STATEC anticipates a gradual recovery in 2026, driven mainly by public sector hiring, with limited support from market-sector employment.
Public finances showed strong performance in 2024, with revenues up 10%, boosted by corporate taxes and a VAT increase. Spending growth eased, particularly in energy-related subsidies, leading to a surplus of 1% of GDP.
Gabriel Gomes, Head of the Modelling and Forecasting Unit at STATEC, commented in an interview with Chronicle.lu: “Last year, corporate tax payments were more positive than we expected... We had a positive public balance in 2024. We expect 2025 to be rather neutral and then deteriorate and become negative in 2026.” He explained that some of this surprise stemmed from the structure of advance payments: “Companies pay taxes in advance, but when their performance is better, they owe money to the state. They have up to five years to pay it back, so it’s hard for us to know exactly when it’s going to come.”
Inflation is also expected to remain under control. “Inflation should not be a problem anymore, even if energy could have a higher contribution,” said Gabriel Gomes. “We still expect inflation to converge to 2% by 2026.”
STATEC projects a balanced budget in 2025, followed by a 0.9% deficit in 2026. Slower revenue growth, linked to planned tax cuts and weaker corporate receipts, will coincide with higher spending on social transfers, public wages, and investment.

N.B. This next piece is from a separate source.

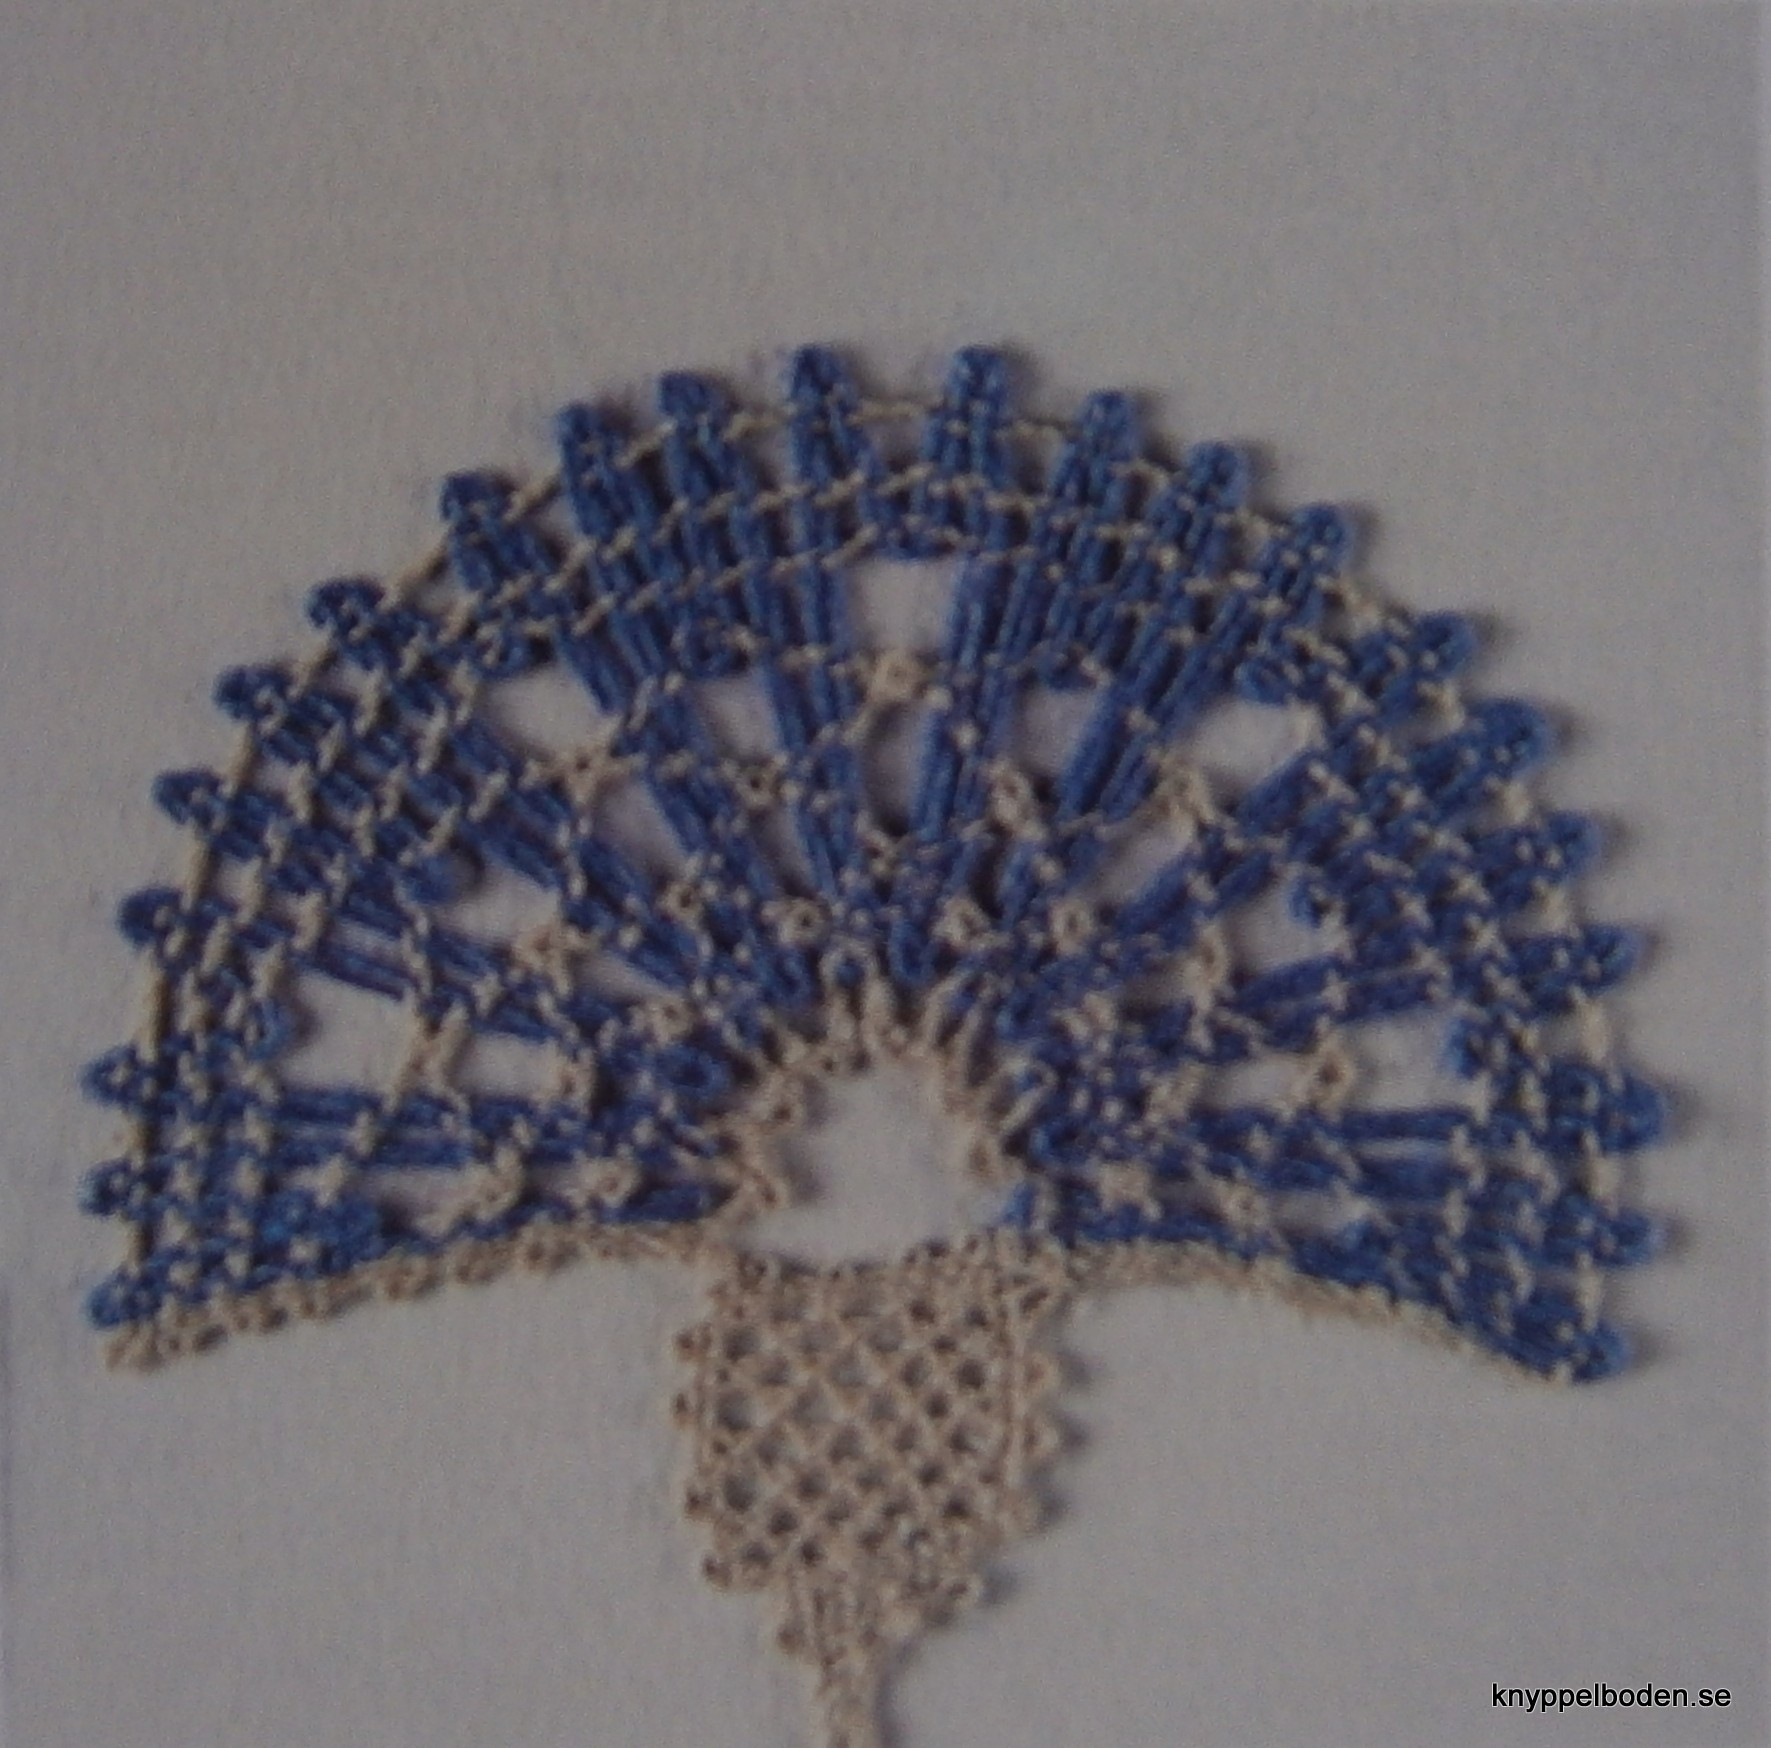 Blåklintsblomma 4,5x4,5 cm
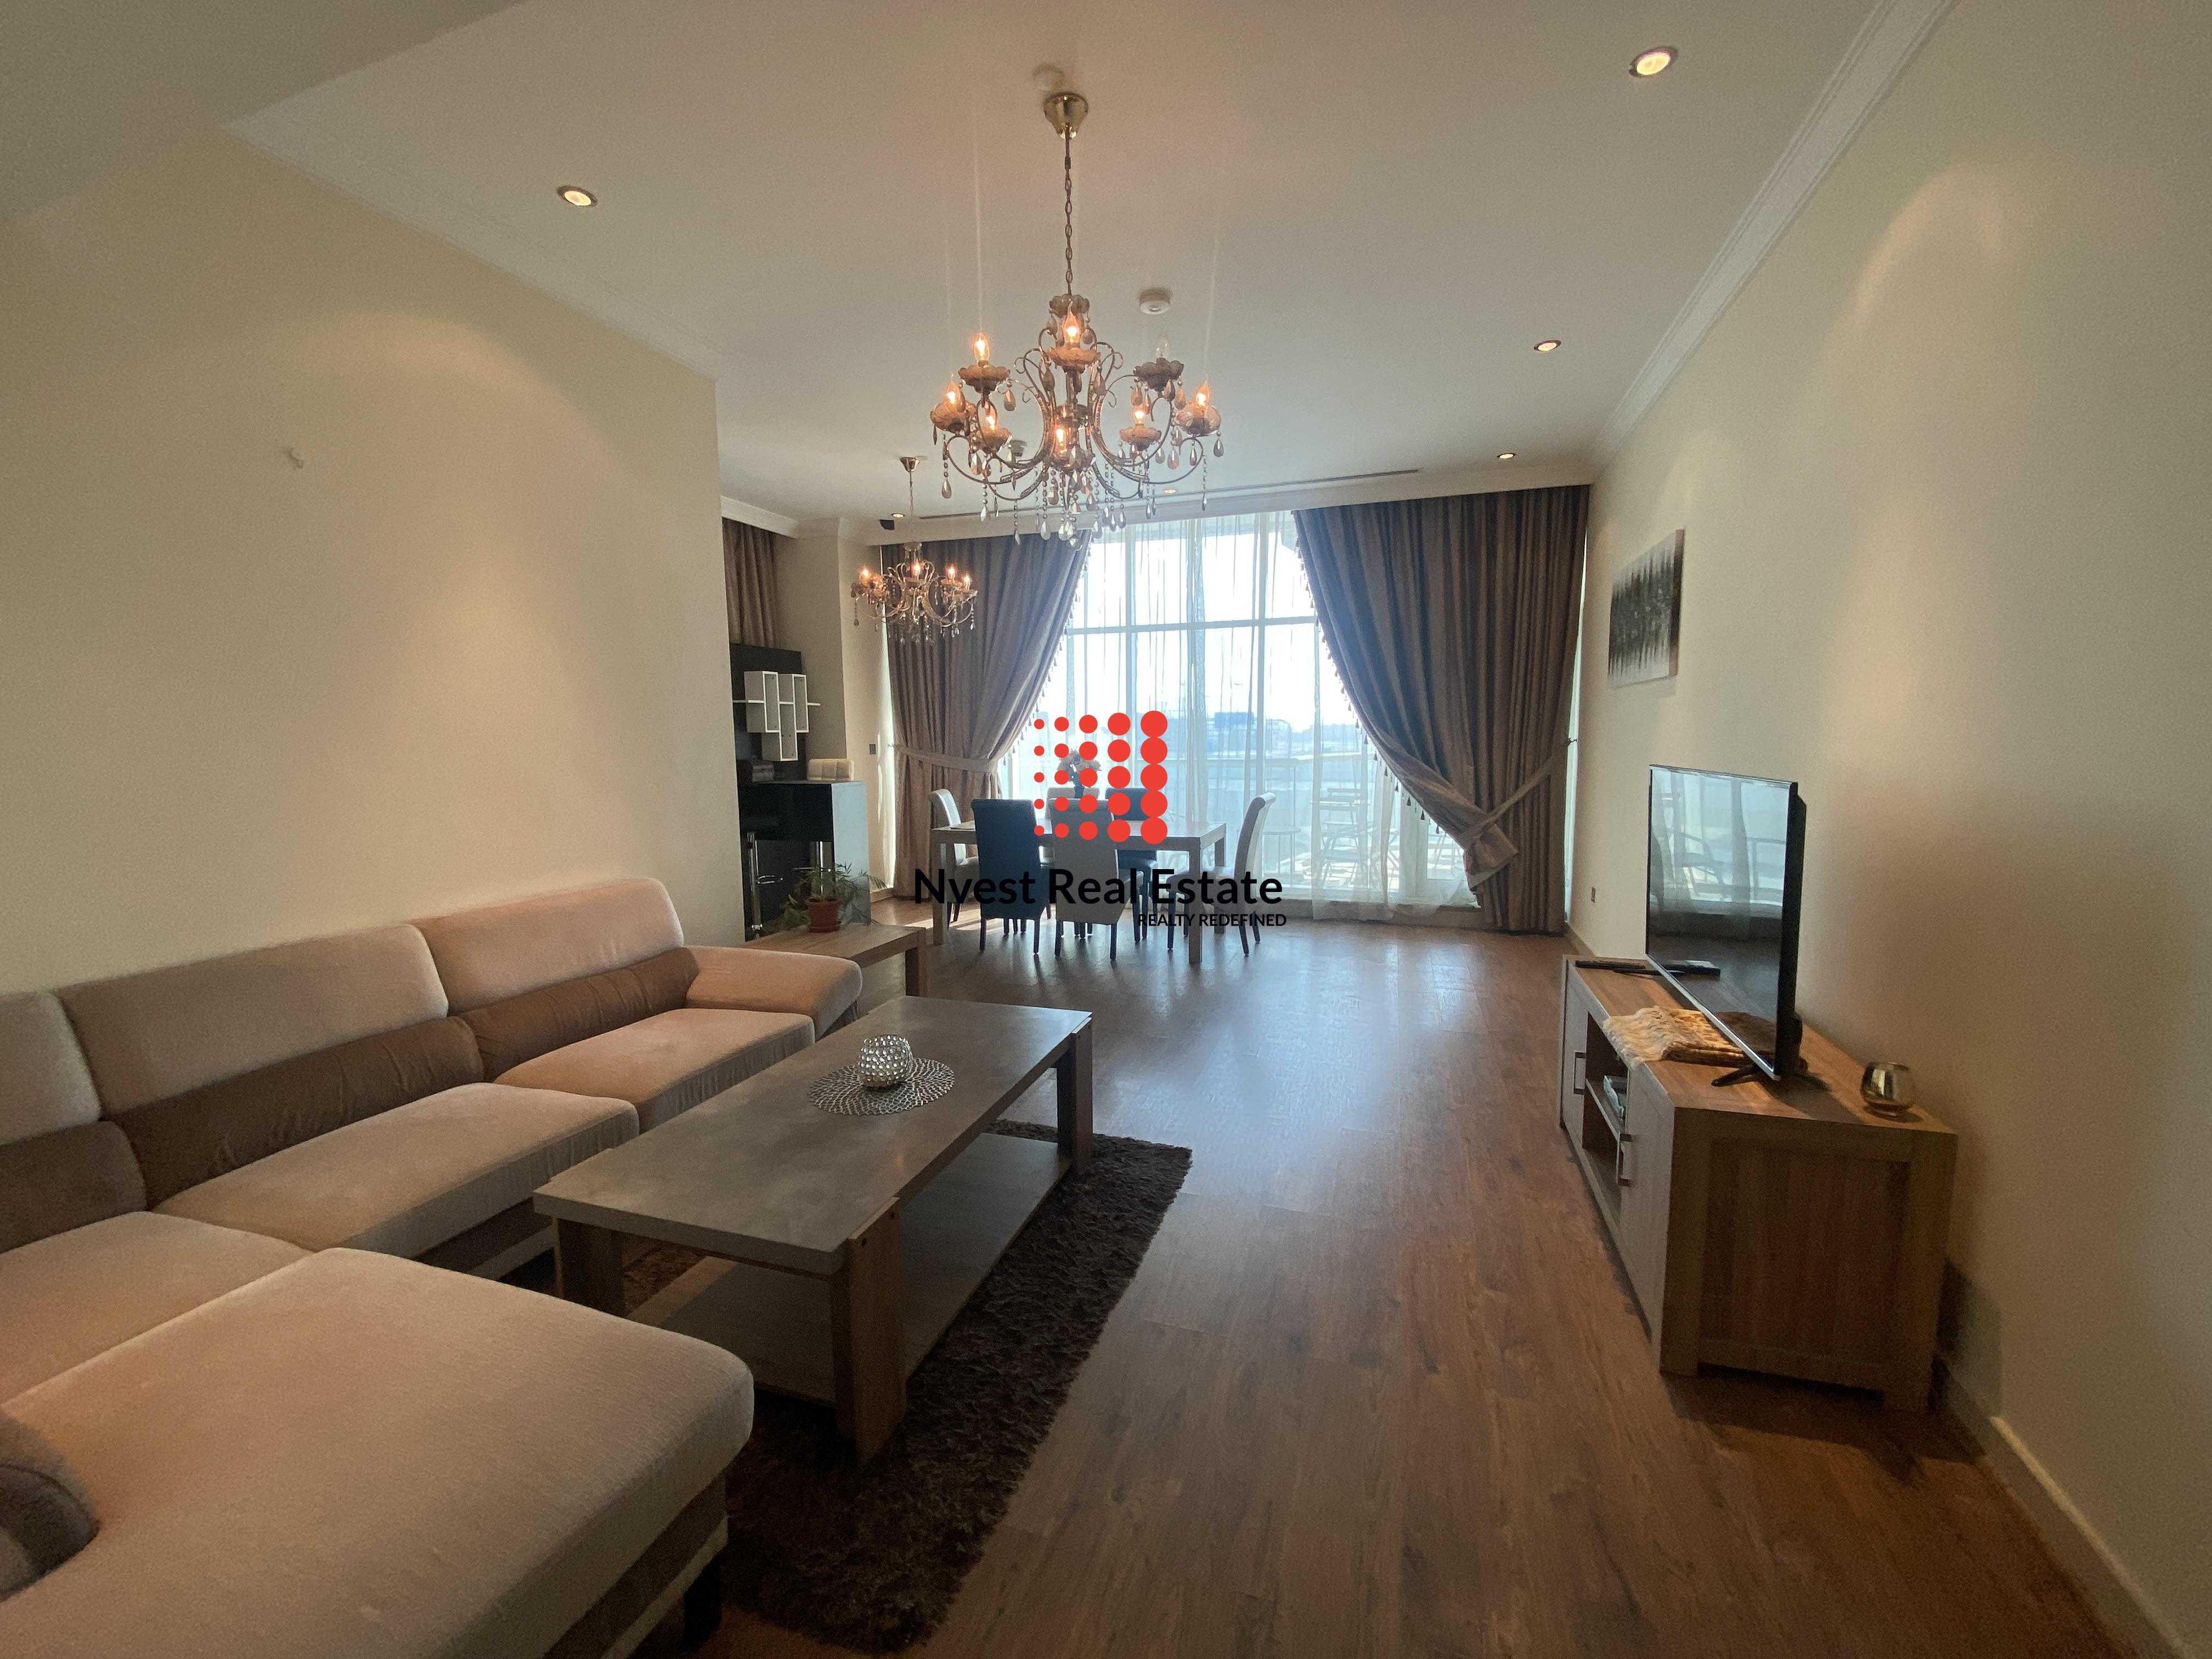 Fully Furnished 2 Bedroom-Huge Balcony-Trident Waterfront Dubai Marina

Fossil fuels still account for 80% of global energy use, with markets remaining volatile. In Luxembourg, fossil fuel consumption continues to decline, mainly due to lower fuel and heating oil sales. STATEC expects drops of 3.5% and 6.5% respectively in 2025, with similar trends in 2026.
Following these developments, greenhouse gas emissions are projected to fall by 4% in 2024, 4.5% in 2025 and 5% in 2026, in line with Luxembourg’s National Energy and Climate Plan (PNEC).